That's just one subsection of one thing where this goes all the way across the board, this huge revolution in police power, essentially just a couple of years later.
And of course, championed by the very same Wall Street Journal and all the very same people who had opposed it a couple of years before under Bill Clinton.
Yeah.
And if you've seen reports on DHS implementing facial recognition at airports, they want they're primarily doing it for international travel now.
And a couple of airports, well, a bunch of them are putting in pilot programs.
They want to have facial recognition at airports everywhere, all the time, pervasive surveillance.
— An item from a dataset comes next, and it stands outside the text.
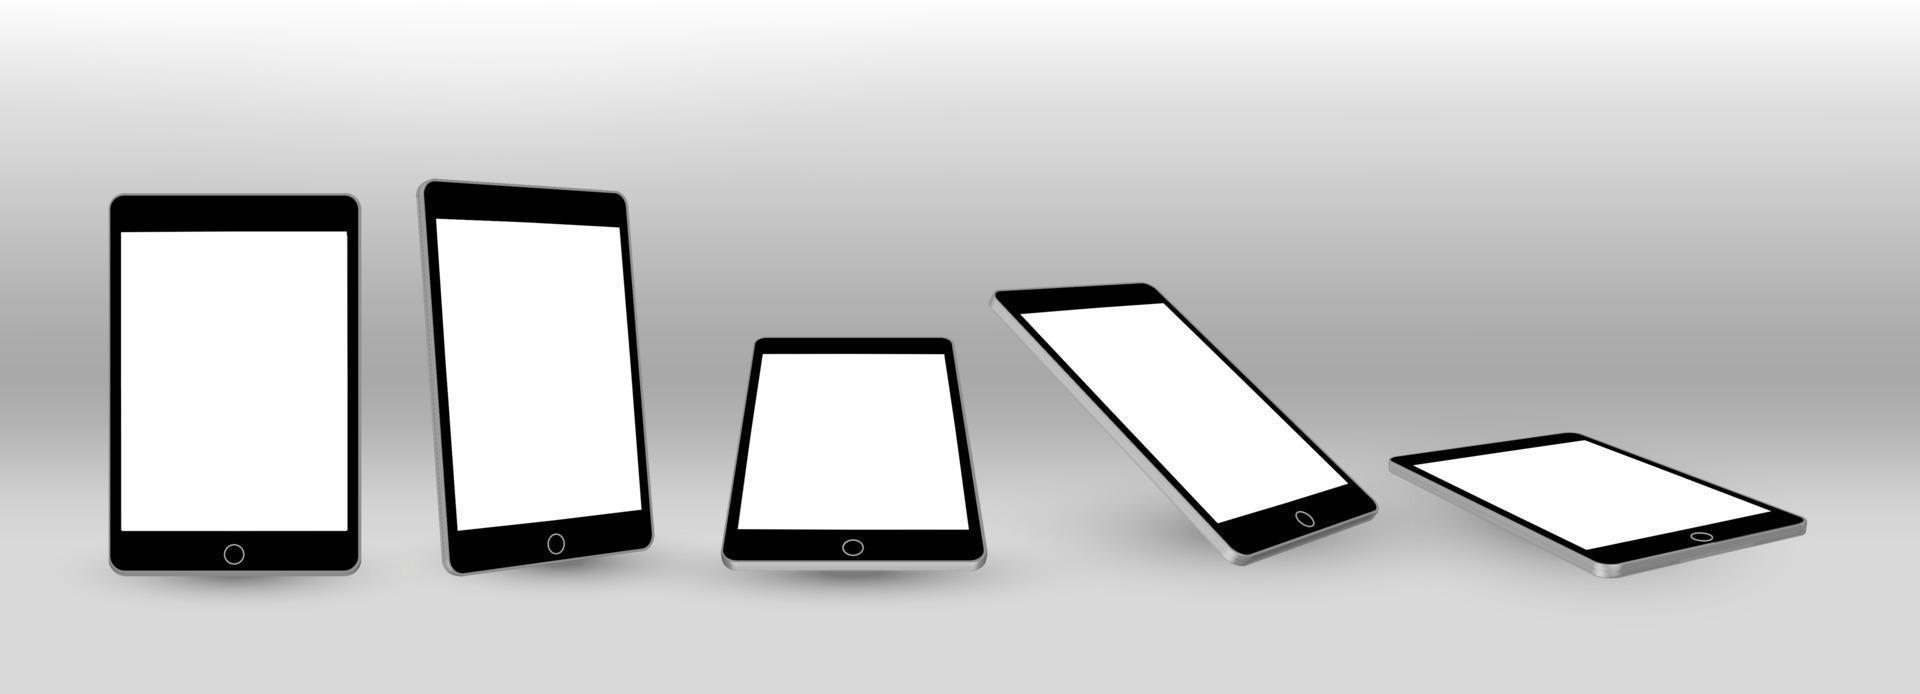 tablet pc 3d maquette réaliste.tablet pc frame avec des modèles d'affichage vierges vecteur

This also comes out of the Patriot Act and the 2000 Intelligence Reform Act.
It required DHS to implement biometric systems in airports.
And that's why we're starting to see facial recognition pop up so much.
And now from there, we've got Amazon creating the the product for them.
It's called recognition with a K.
They're really pushing this on governments.
And they're also adding facial recognition to their ring program, that doorbell kind of home security thing.
And they've partnered with five, 600 police departments.
Now, this isn't direct to the Patriot Act.
But I think like you're saying, really, it's creating this system where everything is part of the national surveillance state by forcing this information sharing through fusion centers and ISC.
Yeah.
I mean, that's what's crazy, right?
The idea you would have everybody's front door camera, not just that people have their own surveillance systems, but they're all somehow centrally wired into the National Police Force Intelligence Services servers and everything.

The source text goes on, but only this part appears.